The shape of the paper retainer 34C may be, for example, a film shape, a wire shape, or a columnar shape. The paper retainer 34C is made of a resin, such as polyethylene terephthalate (PET), polyimide, or fluorocarbon resin. Here, for example, the paper retainer 34C is made of polyimide.

The retaining portions 34D and 34E face each other with a gap therebetween, the gap being larger than the maximum width of the sheet of recording paper P that may be used in the image forming apparatus 10 (see FIG. 1). The retaining portions 34D and 34E extend in the radial direction of the transfer drum 30, and are movable in the radial direction of the transfer drum 30. The retaining portions 34D and 34E are urged toward the rotation center of the transfer drum 30 (from the outer periphery toward the inner periphery) by springs 37A and 37B that are attached to the shaft portions 34A and 34B, respectively.

Through holes 34F and 34G that extend in the Z direction are formed in the shaft portions 34A and 34B, and plate-shaped pushing members 39A and 39B are inserted through the through holes 34F and 34G, respectively.

The pushing members 39A and 39B are rotatable around the rotating shaft 31A together with the retaining portions 34D and 34E. The pushing members 39A and 39B may be moved in the Z direction by operating solenoids (not shown). The retaining portions 34D and 34E are moved in the radial direction of the transfer drum 30 when the pushing members 39A and 39B are moved in the Z direction.
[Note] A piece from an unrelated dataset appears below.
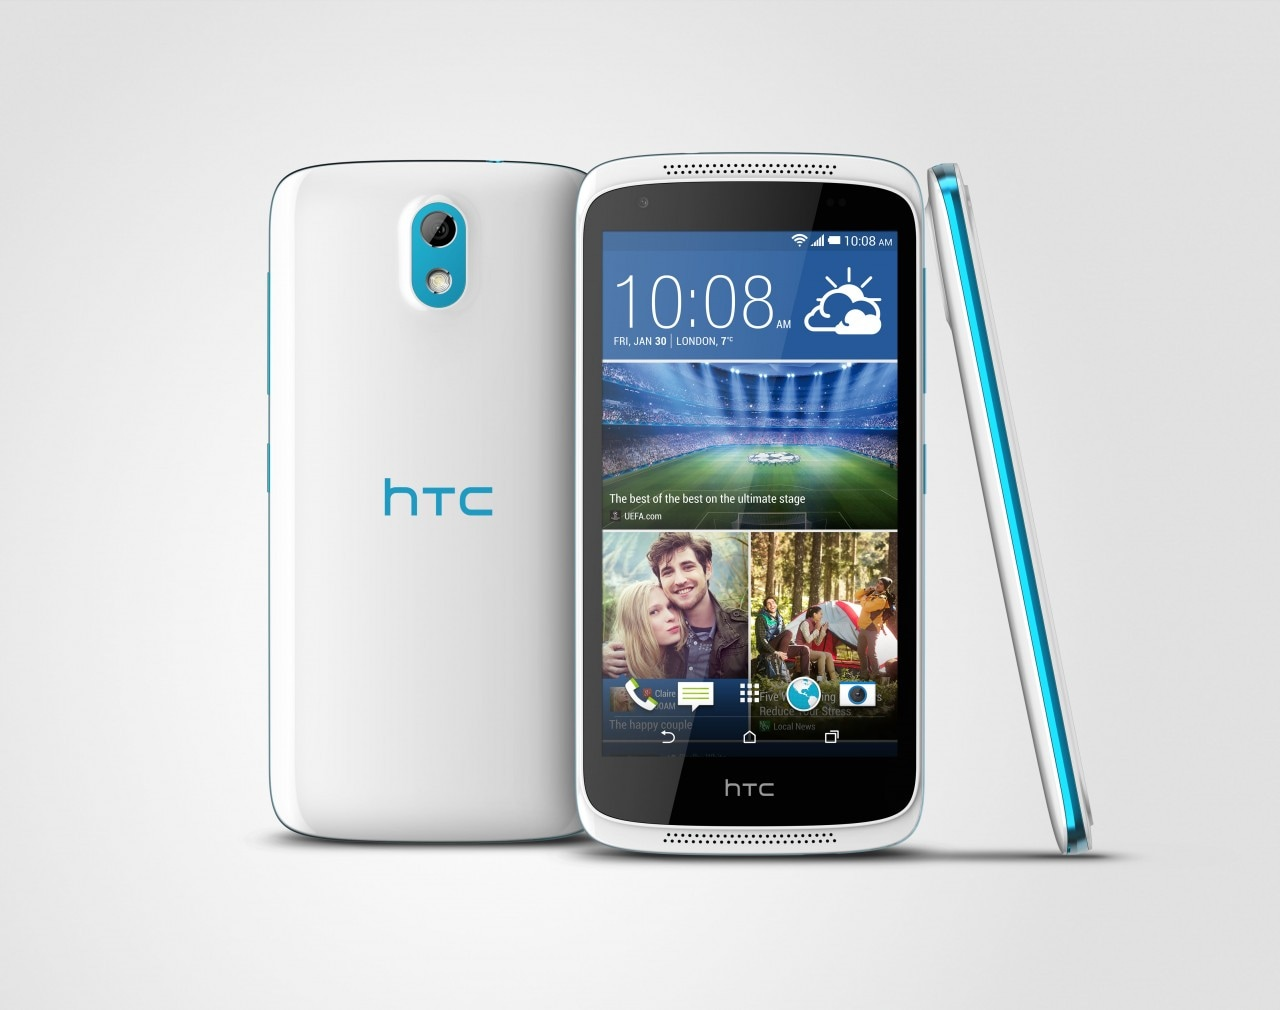 L'importante aggiornamento arriva anche su HTC Desire 526G

The retaining portions 34D and 34E and the pushing members 39A and 39B have end faces that are inclined (tapered) with respect to a horizontal or vertical plane at an angle of 45°, and are arranged such that the end faces contact each other.

As illustrated in FIG. 3A, when the pushing members 39A and 39B are moved toward the transfer drum 30 in the Z direction, the retaining portions 34D and 34E, which are respectively in contact with the pushing members 39A and 39B, are moved upward and outward in the radial direction of the cylindrical portion 31. Accordingly, the gap between the paper retainer 34C and the outer peripheral surface 31E of the cylindrical portion 31 is increased so as to form an opening.

As illustrated in FIG. 3B, when the pushing members 39A and 39B are moved away from the transfer drum 30, the retaining portions 34D and 34E are moved inward in the radial direction of the cylindrical portion 31. Accordingly, the gap between the paper retainer 34C and the outer peripheral surface 31E of the cylindrical portion 31 is reduced and the sheet of recording paper P that is wrapped around the outer peripheral surface 31E is retained.

As illustrated in FIGS. 3A and 3B, the transfer drum 30 is rotated by the transfer-drum driver 50. The transfer-drum driver 50 includes a transfer-drum motor M1 that rotates the transfer drum 30 and a transfer-drum gear G1 that is connected to an end of the rotating shaft 31A and receives a driving force from the transfer-drum motor M1.

The trailing-end gripper 34 is rotated by a trailing-end-gripper driver 60. The trailing-end-gripper driver 60 includes a trailing-end-gripper motor M2 that rotates the shaft portion 34B of the trailing-end gripper 34 and a shaft-portion gear G2 that is provided on the outer peripheral surface of the shaft portion 34B and receives a driving force from the trailing-end-gripper motor M2.

Leading-End Gripper

The leading-end gripper 32 will now be described. Referring to FIG. 7A, the leading-end gripper 32 is disposed in the cut portion 31D of the transfer drum 30. One end portion (connecting portion 32C described below) of the leading-end gripper 32 is connected to the cylindrical portion 31. The other end portion (distal end portion 32A described below) of the leading-end gripper 32 moves relative to the cylindrical portion 31 so as to hold the sheet of recording paper P that is inserted between the leading-end gripper 32 and the cylindrical portion 31 (contact unit 100) (see FIG. 7C).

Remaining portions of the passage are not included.